Straight Forward Search Engine Optimization (SEO)

May 2, 2006

I’ve worked on a couple larger projects over the last few years where we needed to improve the ranking in various search engines. Most would agree today that you want to be thinking about Google, Yahoo, and MSN when you are “optimizing.”

The world of SEO is a bit strange to me. It seems that when we all started using the acronym, SEO, that suddenly it became mysterious. Now you needed specialists and, shortly thereafter, a string of self-proclaimed experts emerged.

Sure, the various algorithms are different and different SEO techniques will reap varying results. But the bottom line is that it isn’t all that complex.

Is this too simple?

Use words in your headings and copy that correspond with what your audience is looking for.

Ok, maybe a bit too simple?

Sure, you want industry appropriate sites to link to you (that certainly will help your Google rankings) and you’ll want to think carefully about the “anchor text,” or the words you use in a hyperlink, to be sure they use some key words or descriptive words.
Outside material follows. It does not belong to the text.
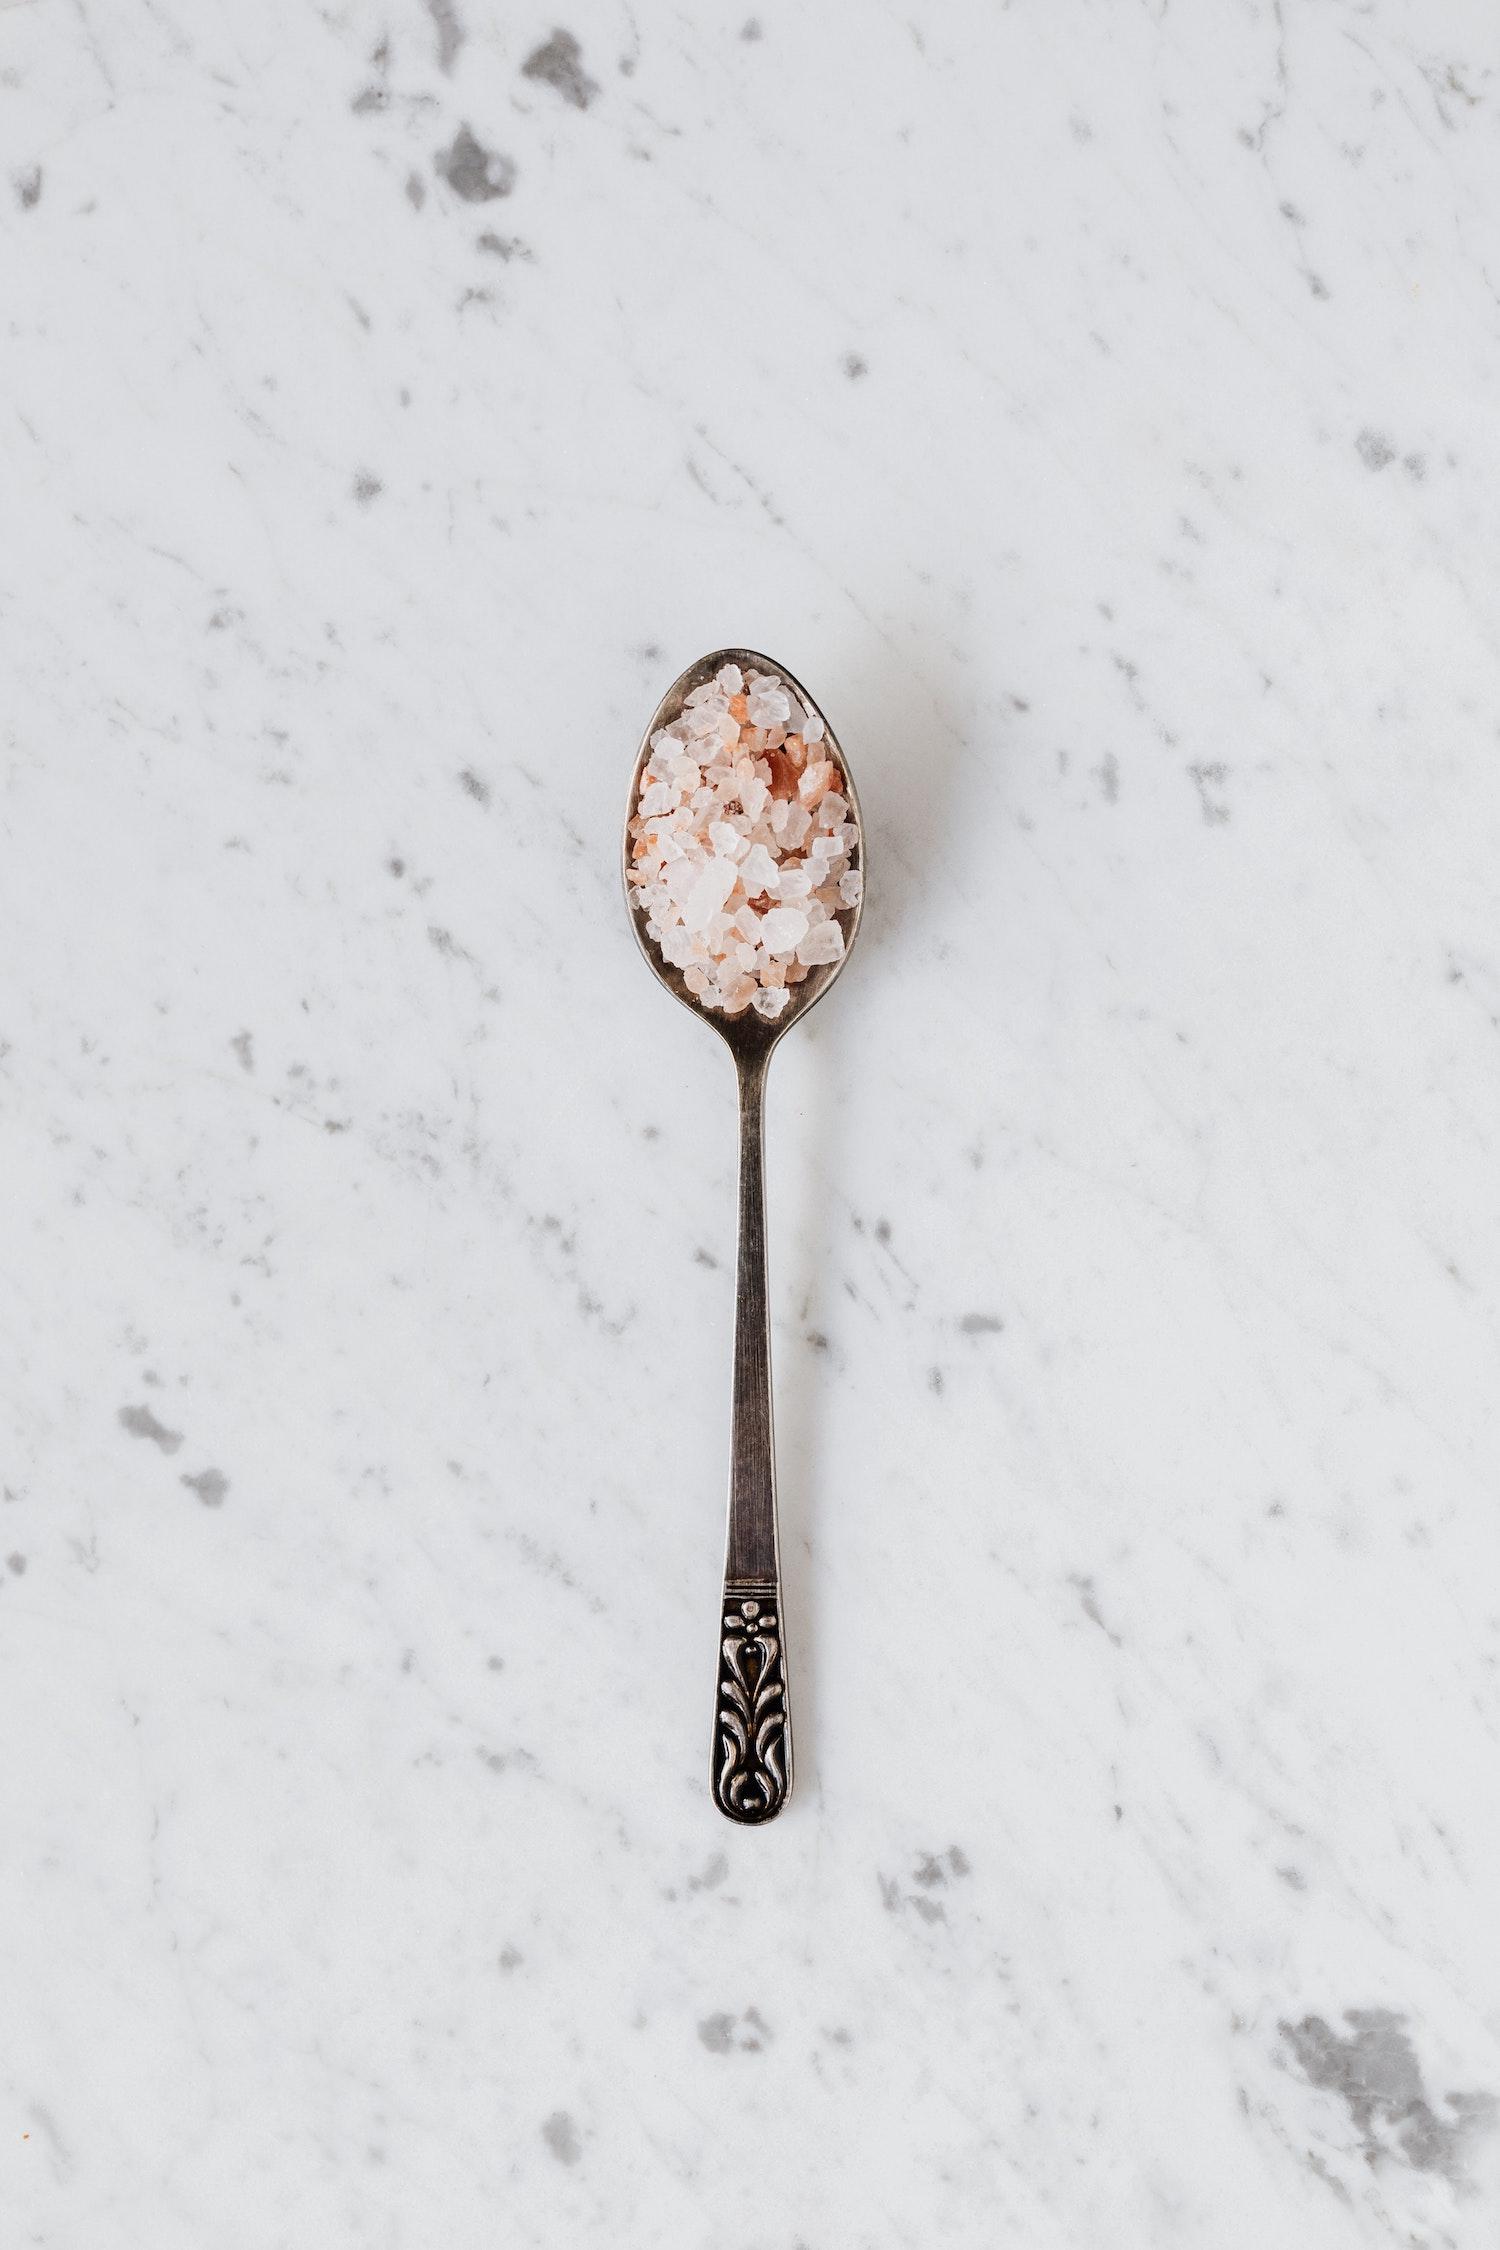 Spoonful of Pink Salt

But a lot of this may come naturally if you are simply focused on creating clear, concise, and relevant information for your audience.

I enjoyed this article called Will Your Google SEO Help You With Yahoo? by Wayne Hurlbert. It has some more detailed tips that I think cover a lot in a reasonable amount of space.

One thing he points out that might be easier to overlook would be the use of keywords in your page title tags. So, ok, maybe it isn’t all common sense. (But, then again, if you think about it, it really is.)

There’s tons of stuff out there for you to read on this, and a million consultants you can pay, but the basics are really not that mysterious at all.

Am I wrong? I’d love to discuss.



  1. Hey John – I’ve been occasionally glancing at your blog and thought I’d chime in on this one. I fully agree: Make a semanticly correct site first. Almost everything beyond that is a hack of some sort, and the search engines will eventually figure out a way to make the hacks ineffective.

    If a site is full of nested tables and font tags, how will a search engine that scans the source know what the key points (headings) are? If the anchers all contain the text ‘click here’, how will a machine (or a human reader) put that into context?


    Please don’t hold my site to that standard….

  2. I think the rise of the SEM expert was caused by the fact that websites are (or have been) considered a technical service rather than a marketing one. So optimisation is still viewed as a technical thing rather than part of the normal copy process for online writing … arguably it should.

    The second reason seems to be that search engine placement is a priority for business managers but is still widely misunderstood. I went to a talk last night about search with an audience of business directors – the biggest concerns were in site placement etc. So there’s an audience for experts.

    Being semantically correct is very important, but there are a range of additional ‘technical’ techniques that go far beyond this. The main problems for clients is how do they select a real expert.

  3. I would agree that there is still some technical expertise needed – I guess if you consider using “title tags” and “meta tags” properly as a technical task (which, for many, this could be). Also thinking about using tags approrpriately in the page itself, including the use of “alt text” for images and the like. Yes – many of these approaches would be easy to overlook for the general copywriter.

    I’m being stronger in my original post to make a point – but you are right, it’s still a task that takes some degree of expertise. For a good copywriter with some HTML coding background, though, this shouldn’t be a problem to incorporate in their skill set or service offering – especially if they are keeing their “saw sharp.”